Problem statement
Transcribe only the lines in the data below falling between the line with "Oil Defense Protection" and the line with "Inspirational quote wallpaper brene brown", including those two lines, and leave out any picture.

[Provided information Boundary: Start]

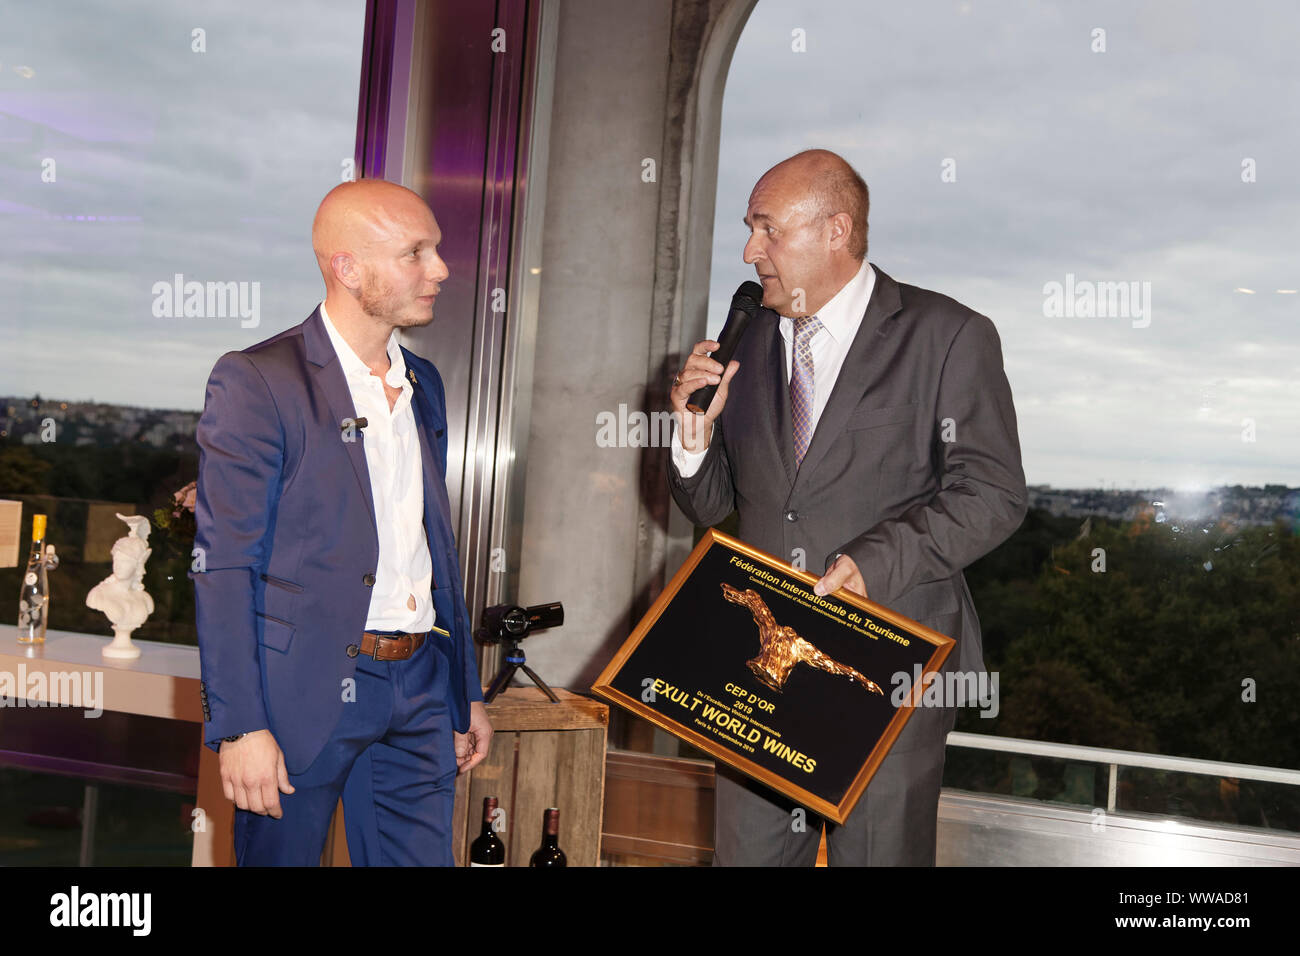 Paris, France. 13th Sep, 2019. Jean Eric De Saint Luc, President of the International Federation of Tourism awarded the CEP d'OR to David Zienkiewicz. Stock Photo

[Provided information Boundary: End]
[Provided information Boundary: Start]

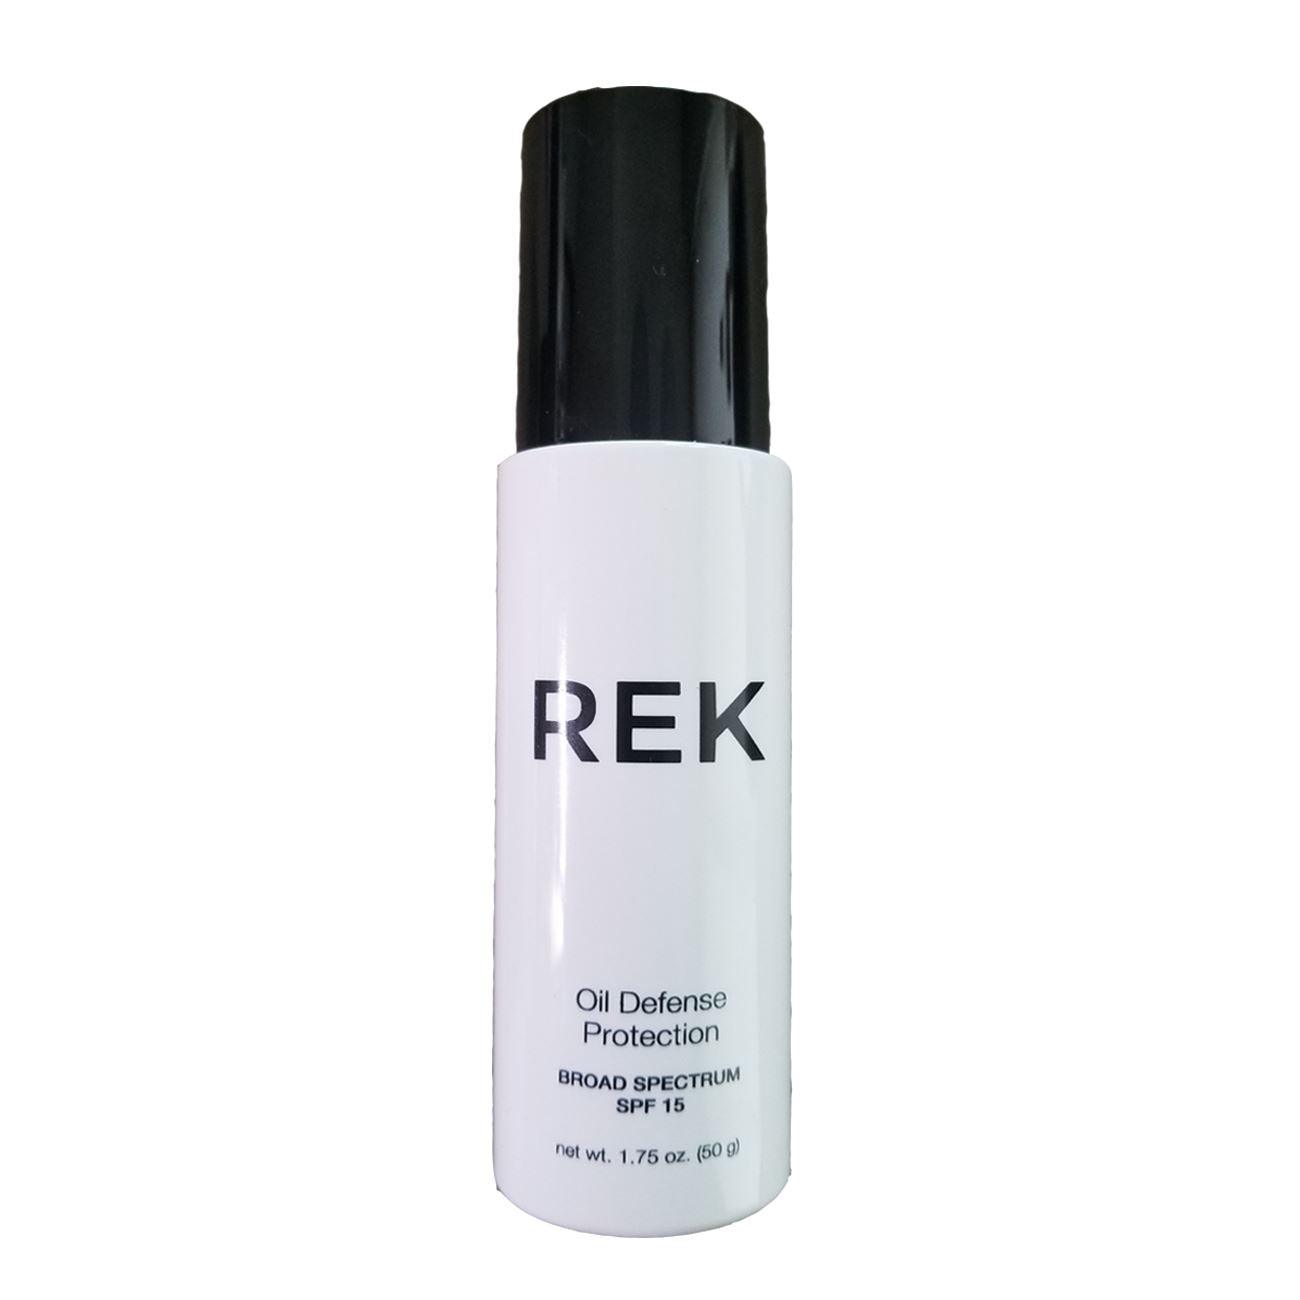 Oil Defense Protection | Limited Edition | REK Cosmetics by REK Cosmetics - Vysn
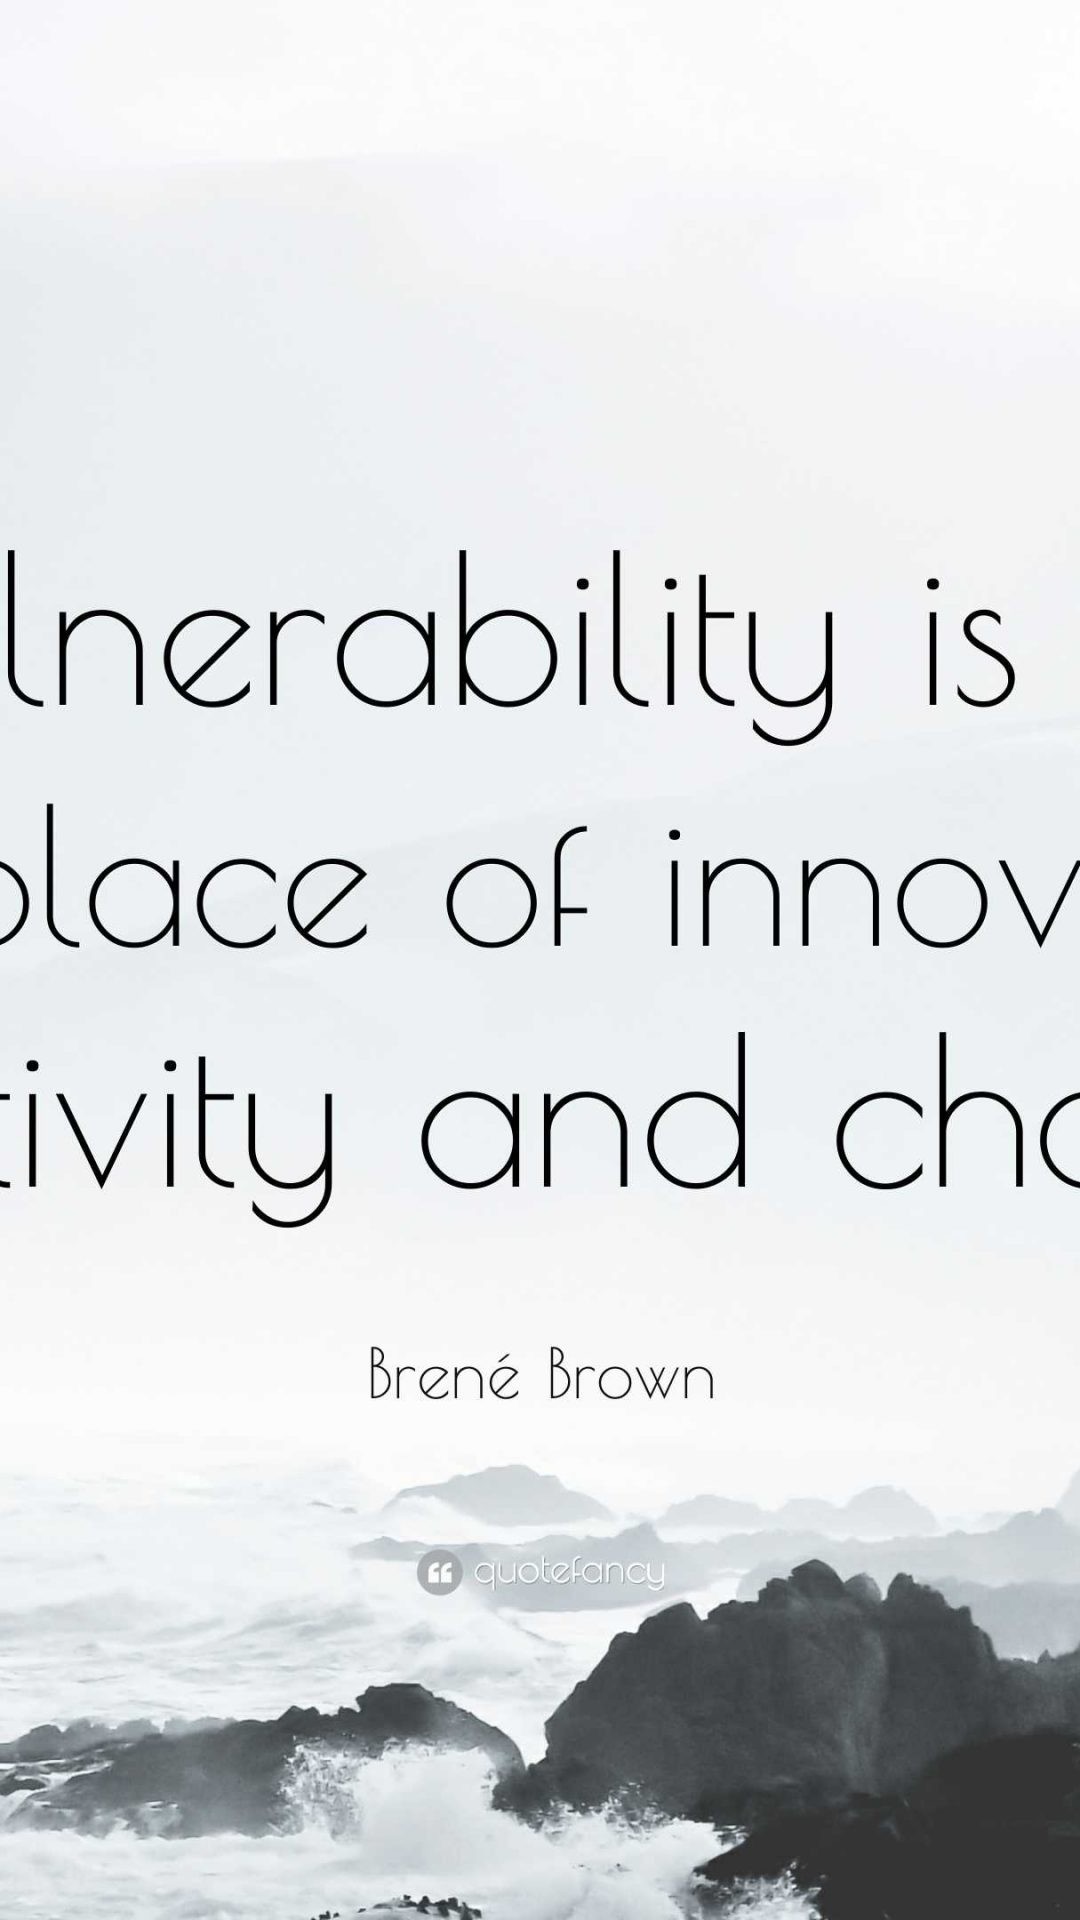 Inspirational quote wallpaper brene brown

[Provided information Boundary: End]

Task response
 Oil Defense Protection | Limited Edition | REK Cosmetics by REK Cosmetics - Vysn
 Inspirational quote wallpaper brene brown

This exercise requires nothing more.